─── PROVIDED MATERIAL ───

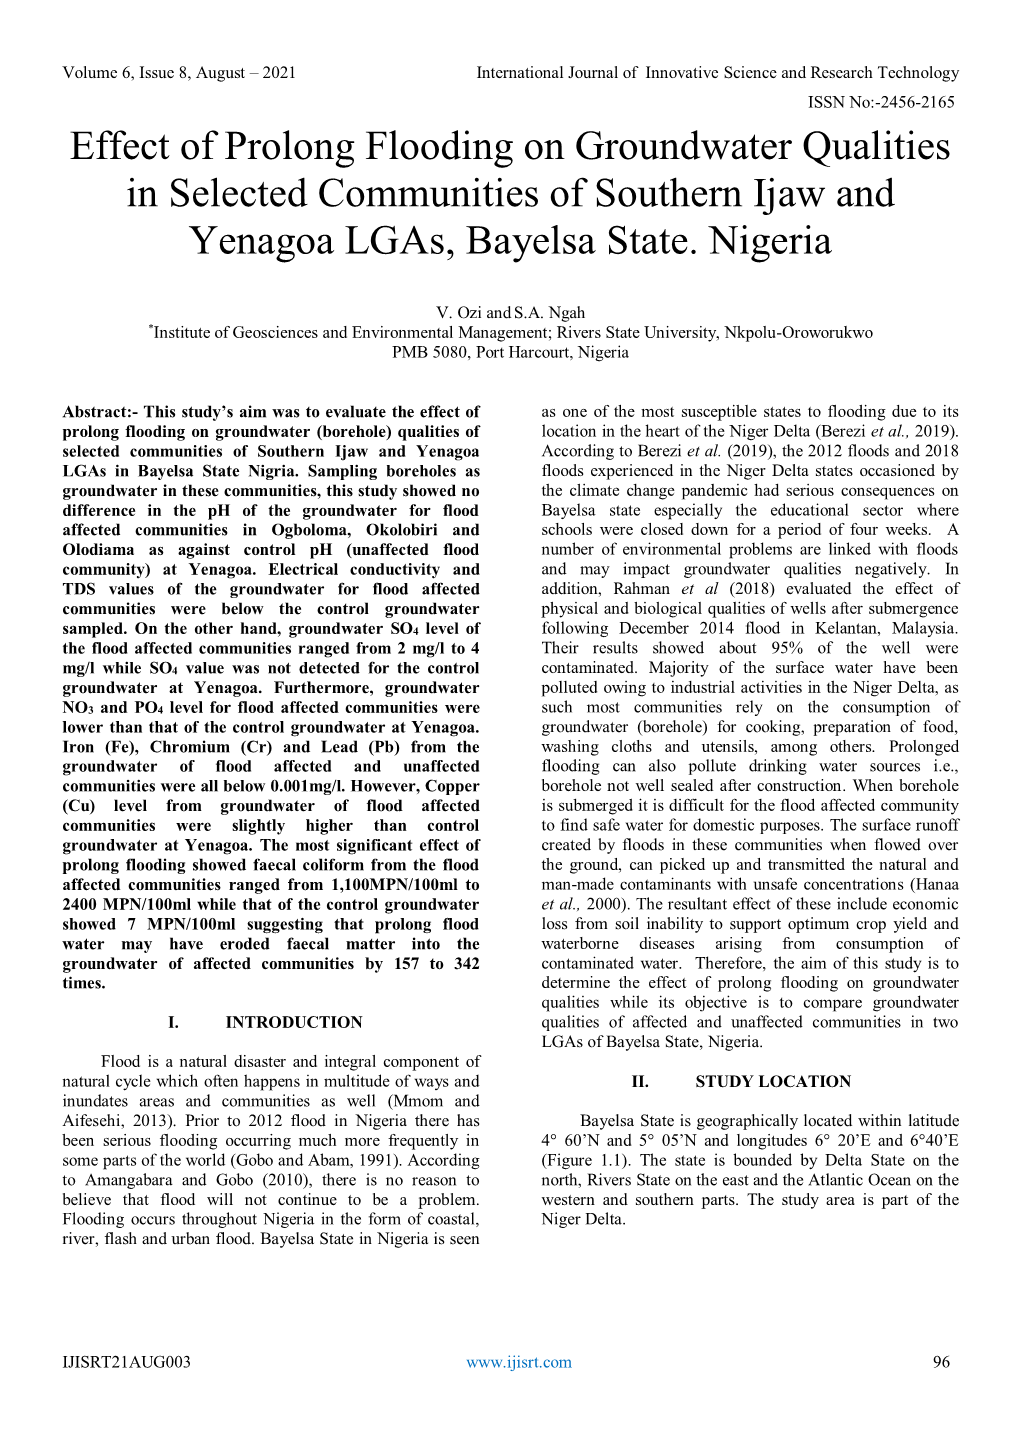 Effect of Prolong Flooding on Groundwater Qualities in Selected Communities of Southern Ijaw and Yenagoa Lgas, Bayelsa State
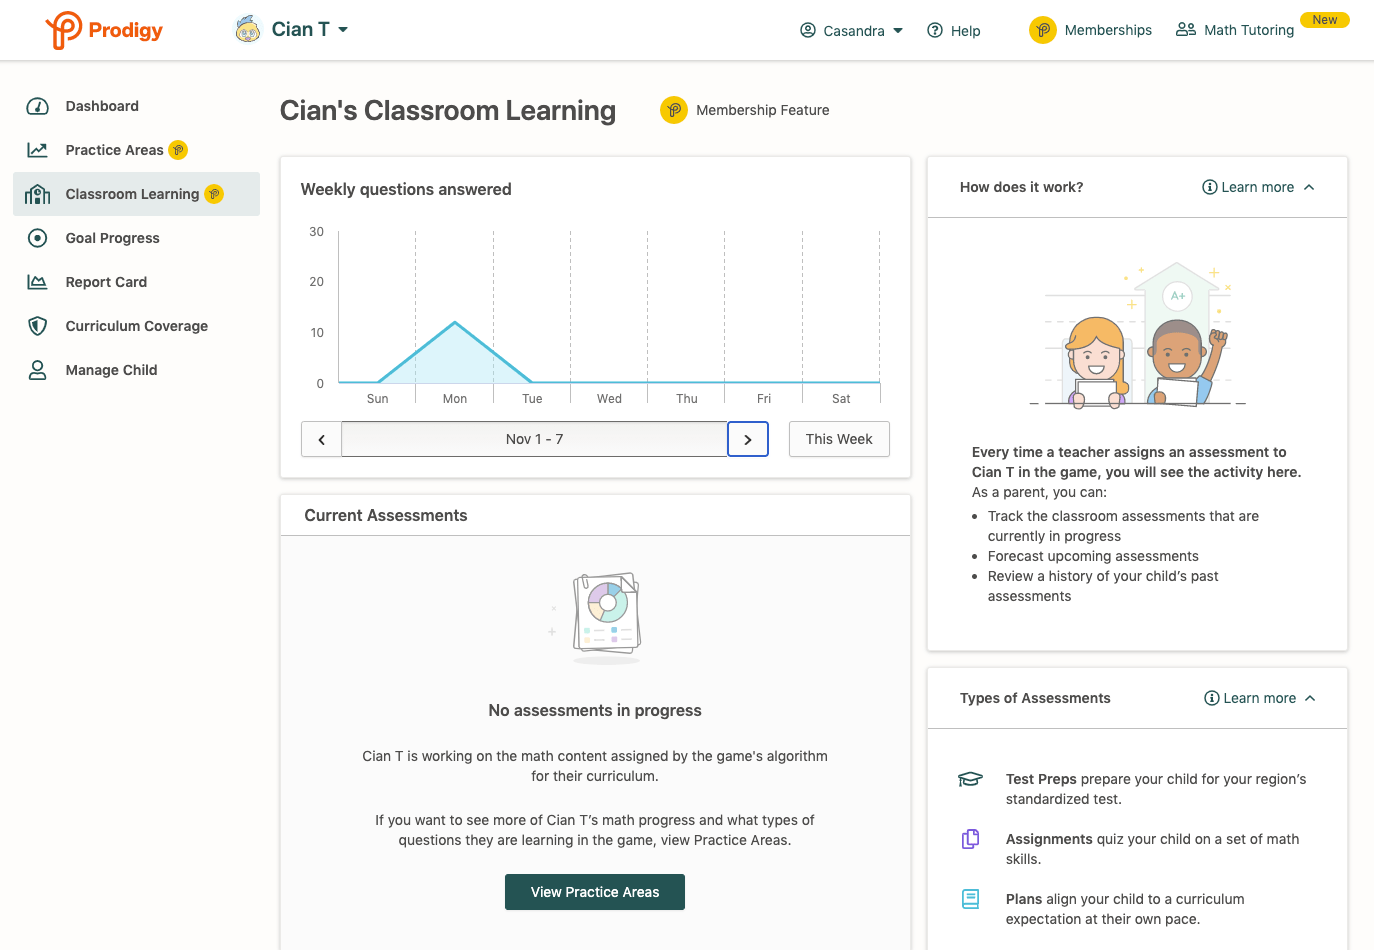 Screenshot of Prodigy's Classroom Learning feature in the parent dashboard.
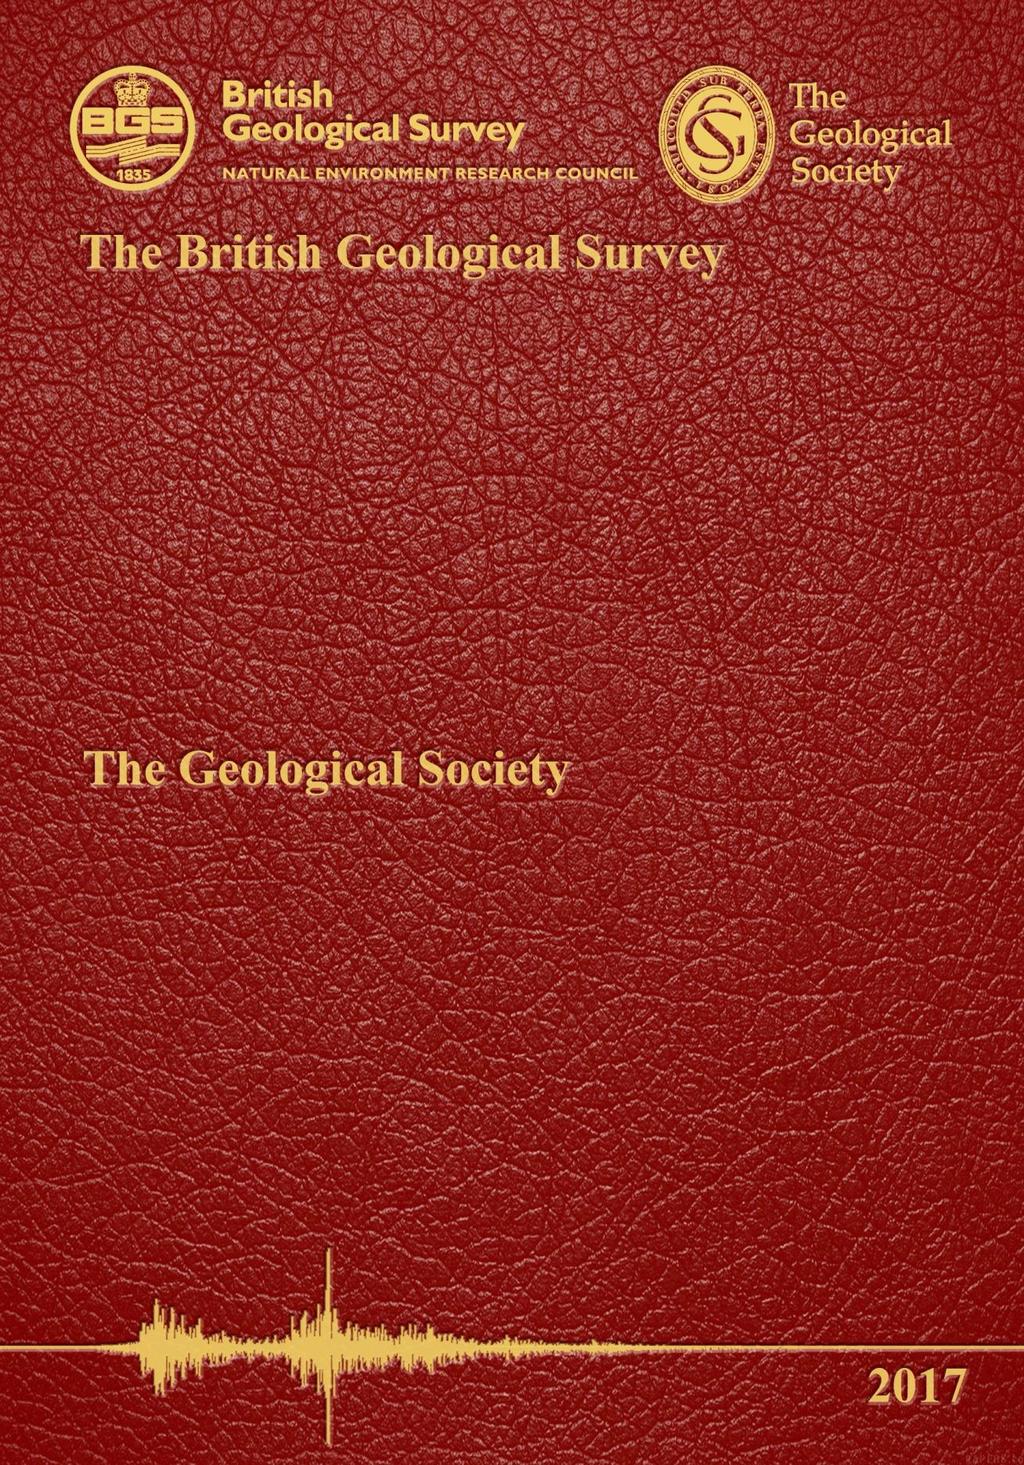 Founded in 1835, the British Geological Survey (BGS) is the world's oldest national geological survey and the United Kingdom's premier centre for Earth science information and expertise.

───

Could you print the whole listing again, exactly, leaving the pictures out?

 Effect of Prolong Flooding on Groundwater Qualities in Selected Communities of Southern Ijaw and Yenagoa Lgas, Bayelsa State
 Screenshot of Prodigy's Classroom Learning feature in the parent dashboard.
 Founded in 1835, the British Geological Survey (BGS) is the world's oldest national geological survey and the United Kingdom's premier centre for Earth science information and expertise.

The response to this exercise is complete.